Students enrolled in an undergraduate business course rated the utility of oropharyngeal cancer using two different representations of the paper standard gamble. In one representation, the probability of perfect health or death was described quantitatively (e.g., 80% chance of perfect health). In the other representation, the probabilities were described qualitatively (e.g., perfect health is likely.) For the qualitative representation, gambles were constructed using the terms: always, extremely likely, likely, probable, possible, unlikely, rarely, and never. Afterwards, subjects assigned numerical values to the qualitative terms, directly and with visual analog scales (VAS). These numerical values were then used in the determination of the utility. Subjects also completed an extended version of the Lipkus numeracy survey and demographic questions.
Utilities derived using the quantitative SG and qualitative SG were significantly correlated (r = .41, p<.0001); however mean utilities estimated with the quantitative SG (M=.81, SD=.18) were significantly higher than those estimated with the qualitative SGs (direct estimation, M=.68, SD=.23; VAS estimation, M=.68, SD=.22). The qualitative utilities derived from direct estimation or the VAS were not statistically different. Differences between the quantitative and qualitative utilities were unrelated to the subject's numeracy score. On average, participants answered nearly 80% of the numeracy questions correctly.
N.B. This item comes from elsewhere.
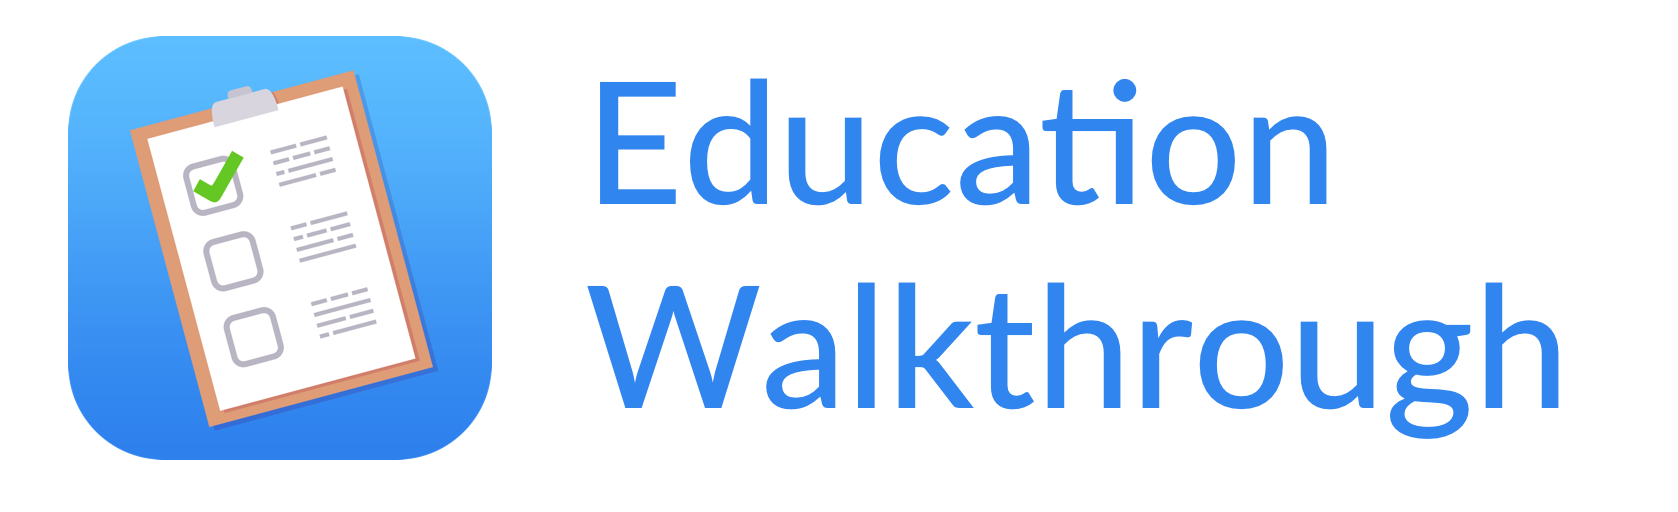 Education Walkthrough

Overall, participants were highly numerate and demonstrated, via direct estimation and the VAS method, a consistent understanding of the qualitative probability terms. When given the opportunity to choose between gambles in which their own subjective interpretations served as the index of risk, subjects took higher risks (i.e., had lower utilities) than they did when the risks were presented numerically. The inclusion of additional qualitative terms may be necessary to allow participants to provide more precise estimates of their utility for the health state.